Economy

Jobs: All That Is Left To Save The Economy

UnemplyYesterday, a poll by CNN/Opinion Research Corp showed that six out of ten Americans believe that the US economy will sink into a depression. The people who conducted the survey made sure to define a “depression” is before getting answers.

The list:  25% unemployment rate; widespread bank failures; and millions of Americans homeless and unable to feed their families. Even with that litany of horrors, people were willing to bet things will get that desperate.

Economists argued that the view of the common man reflected in the poll is flawed, saying the government’s agencies, such as the FDIC, Fed, and Treasury, can keep the world from that kind of harm.

It would be hard to pick a point in the last fifty years when the level of despair has reached such an improbable level. And, there is nothing left to turn that back in the right direction except by having people go to work.

The collapse of Wall St, as it has been known and operated for years, is now nearly complete. The government repossessed the financial services business and probably did so for a number of good reasons.The nation’s attention has turned to interest rates and economic stimulus, but none of that will matter much because, so far, none of it is working well.

That leaves jobs, which are talked about once or twice a month when the Commerce Department puts out statistics. The employment rate has not hogged the front pages the way that the Congressional testimony of Dick Fuld or the $700 billion bailout have. That is wrong-headed. Jobs are all that is left still standing in the rubble of the economy that Americans have known for the last several decades.

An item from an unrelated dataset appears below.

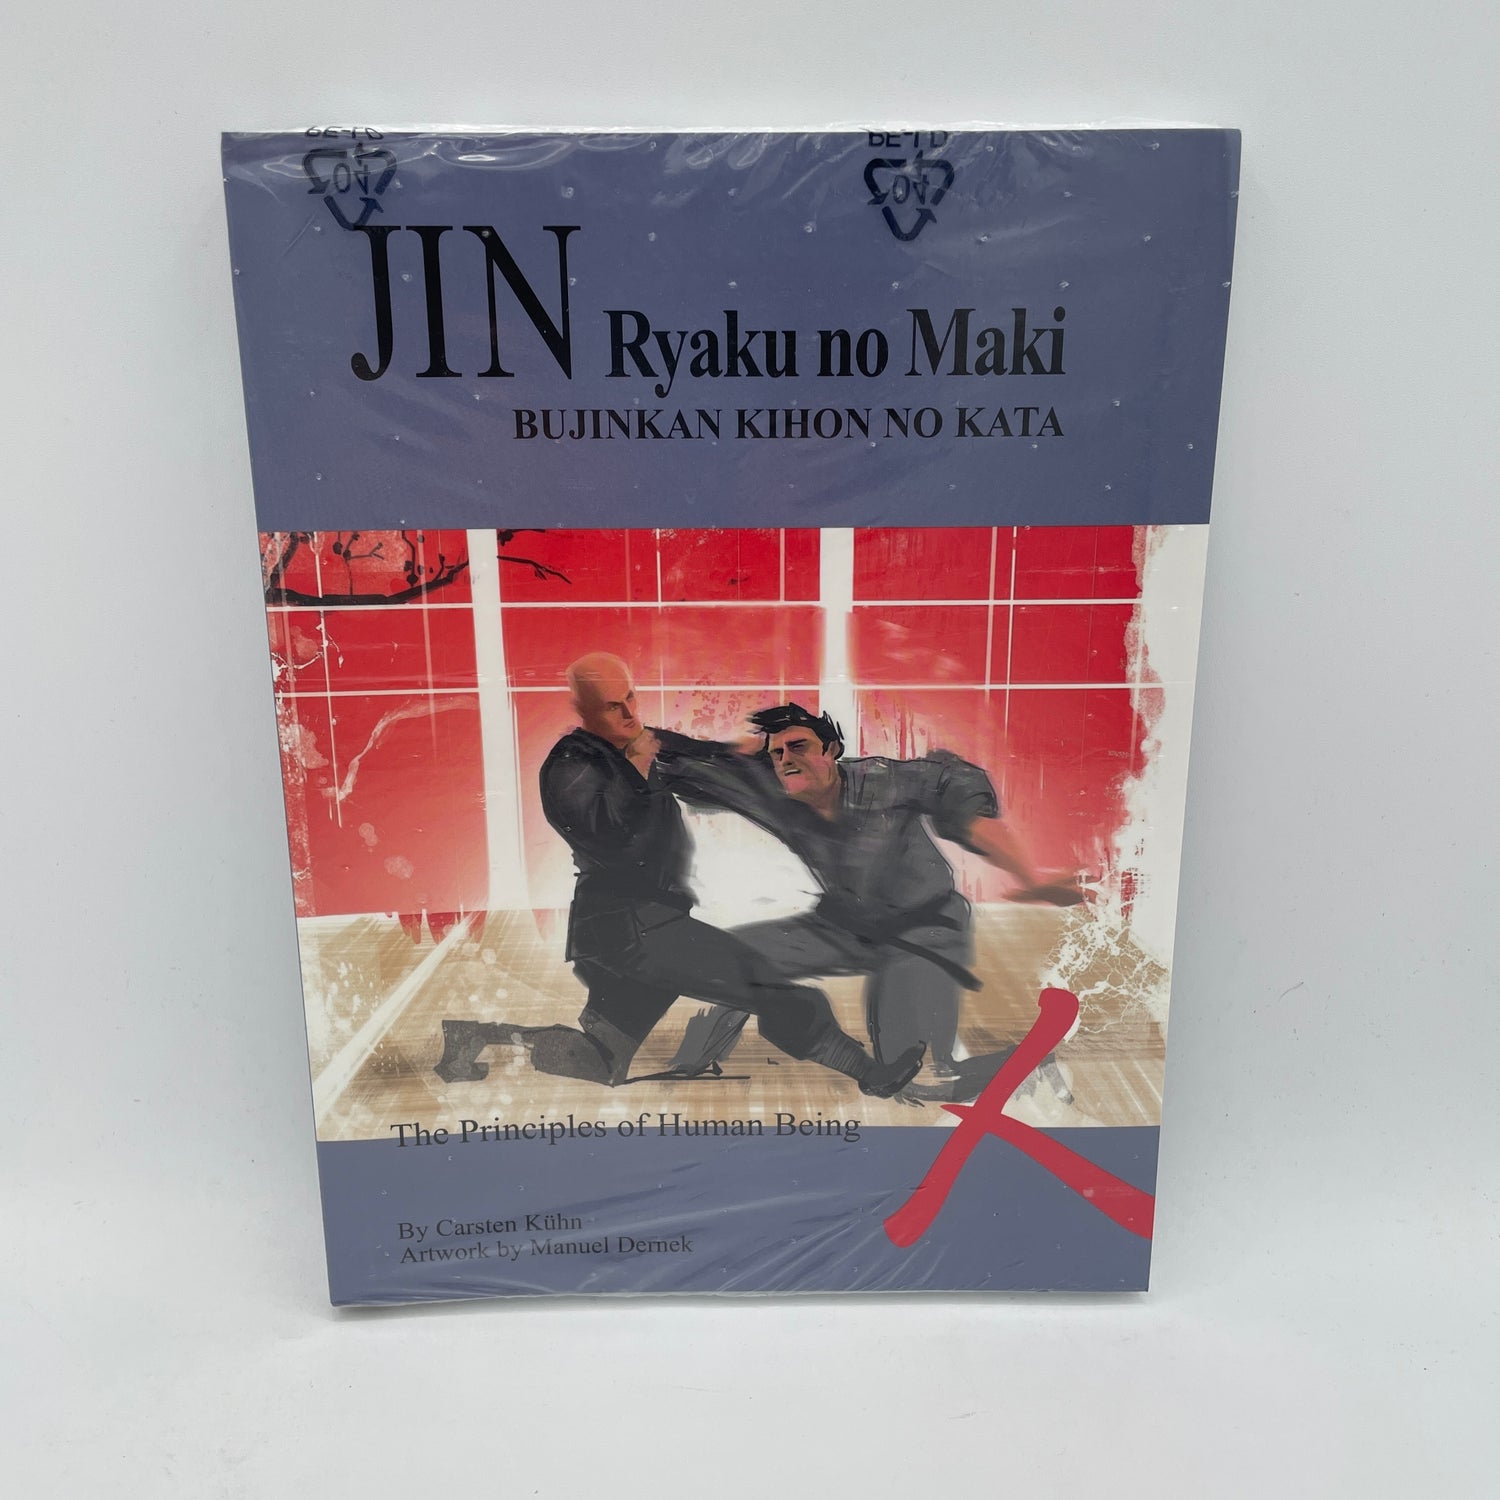 Jin Ryaku no Maki (Principles of Man) Book by Carsten Kuhn

By way of intuition, most people would think that a housing crisis would result in a tremendous loss of employment. But, workers who have been thrown out of their homes can still work. As a matter of fact, they are likely to have a greater incentive to do so for the sake of keeping a roof over their heads. The average person may face $4 gasoline, a 21% interest rate on his huge credit card balances, and pay $10 for a loaf of bread, but he can still work all day long, even if he is getting poorer. Being out of work would accelerate the process of impoverishment and there is not much satisfaction in being completely broke.

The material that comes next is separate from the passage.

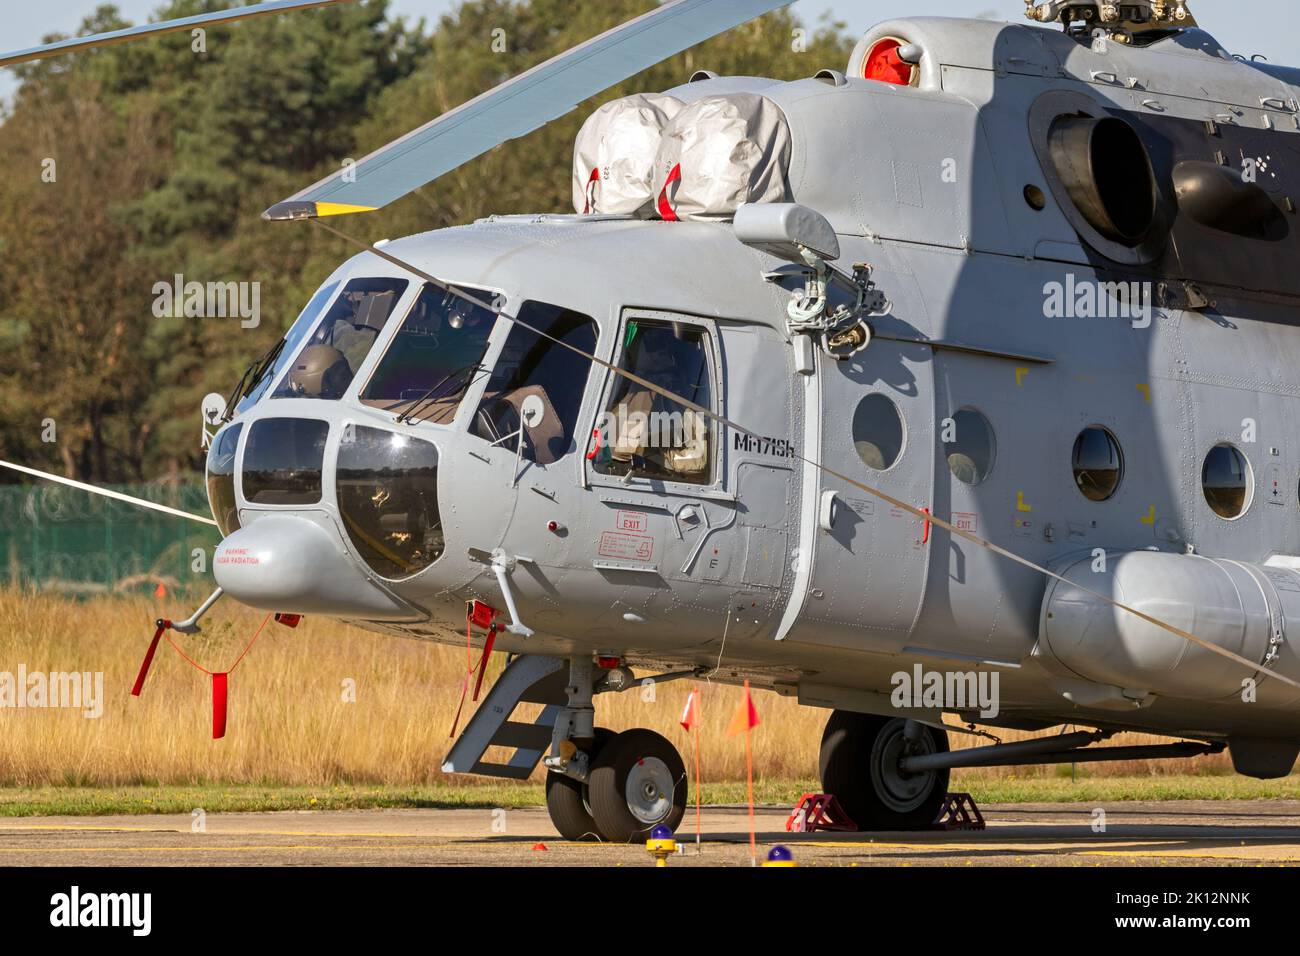 Hélicoptère de transport mi-171Sh de la Force aérienne croate sur le tarmac de la base aérienne Kleine-Brogel. Belgique - 14 septembre 2019. Banque D'Images

Given the level of catastrophe that most people believe has hit the American capitalist system, it is a wonder that official unemployment has only gone from 5.1% in March to 6.1% last month.  After a brief consideration of the dynamics of the workforce, no one should surprised that people are still working—at least for the time being. They produce so much that they are still of service to many enterprises. At the same time, their real wages have not gone up an iota in five years. They are some of the cheapest labor in the world.

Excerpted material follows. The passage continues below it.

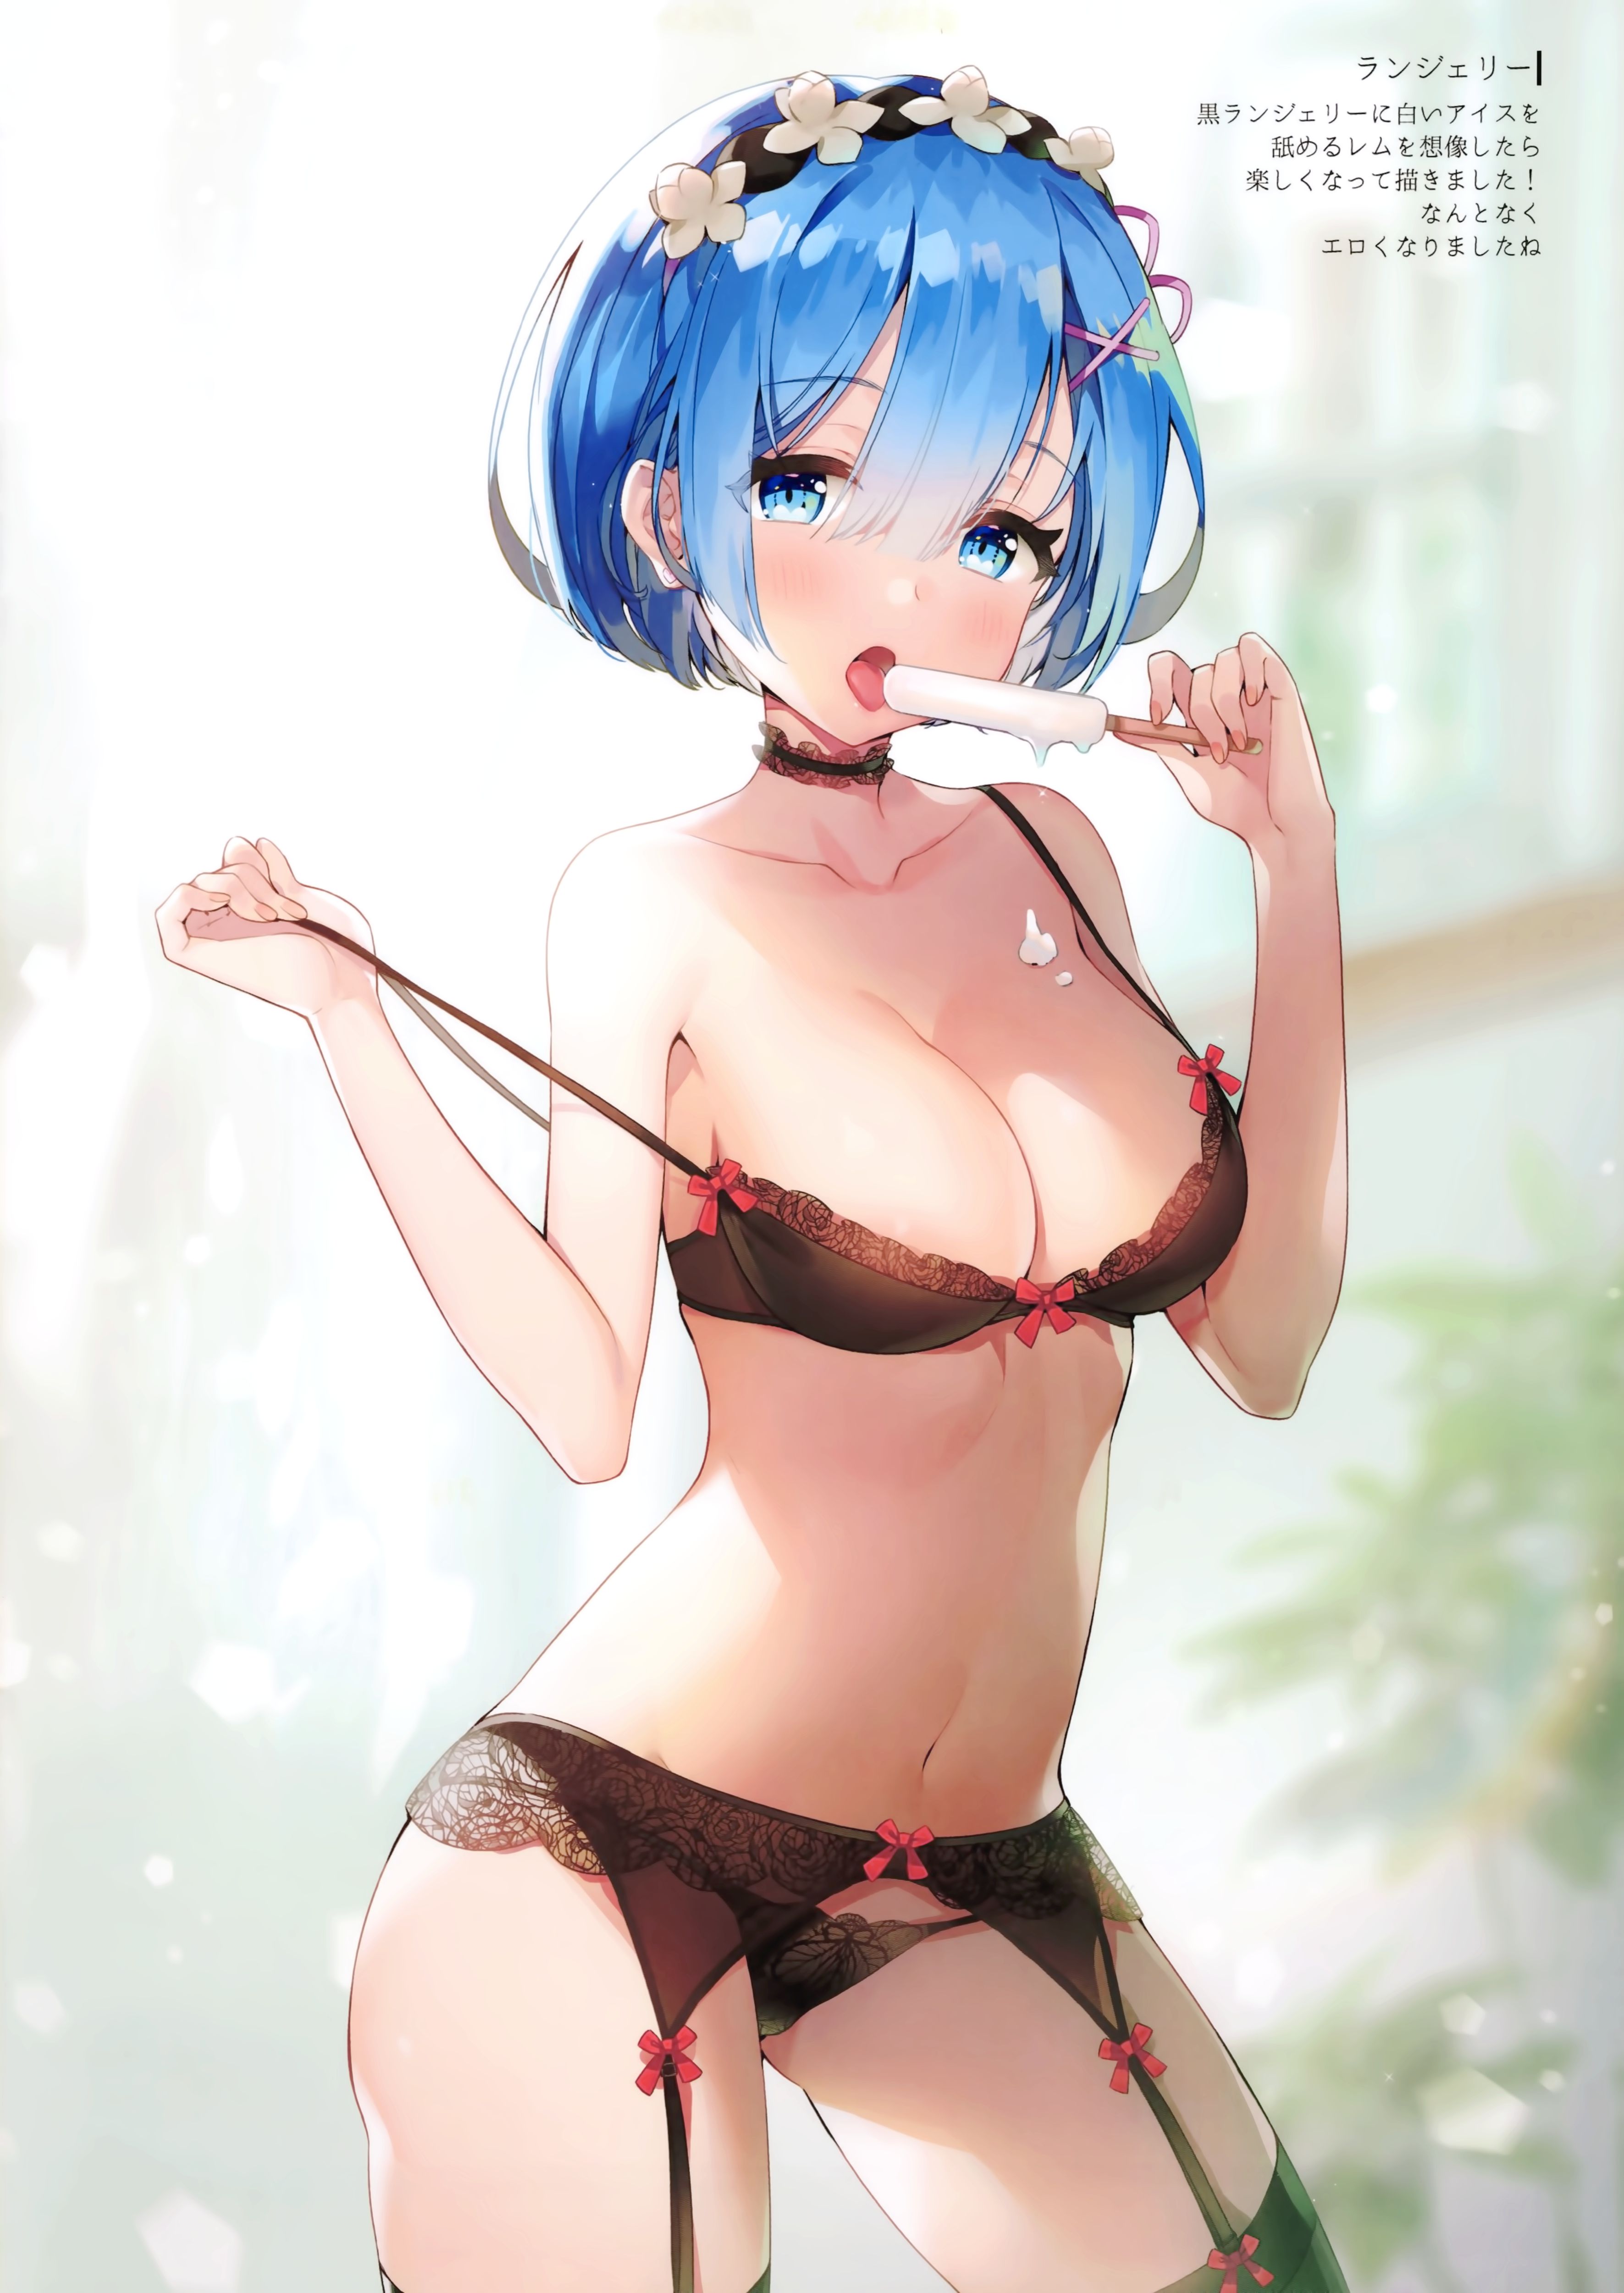 Rezero's Oni Kawaii Erotica Image Summary. vol.5 13

Almost every statistic from the US government and those think tanks with enough money to employ an economist says that the American worker is the most productive in the world. Pound-for-pound and hour-by-hour he can bury his counterparts In China, Russia, India and Easter Island. 

With a recession upon us and savaging our home values and bank accounts, jobs are all the US has left. If unemployment moves to 7% or above, there are no more buttresses to hold the walls. The economy is overrun.

The indexes of manufacturing and capital expenditures and recent warnings from large corporations give every indication that there will not be enough work to go around. The available employment statistics are bogus prior to any sensible analysis. About 4% of the American workforce is not listed as “unemployed” because some workers have given up looking. They have lost either will or hope and have dropped off the map of the potentially productive. Add these people in and a fairer picture of the jobs market would show that 10% of those who could work are not working.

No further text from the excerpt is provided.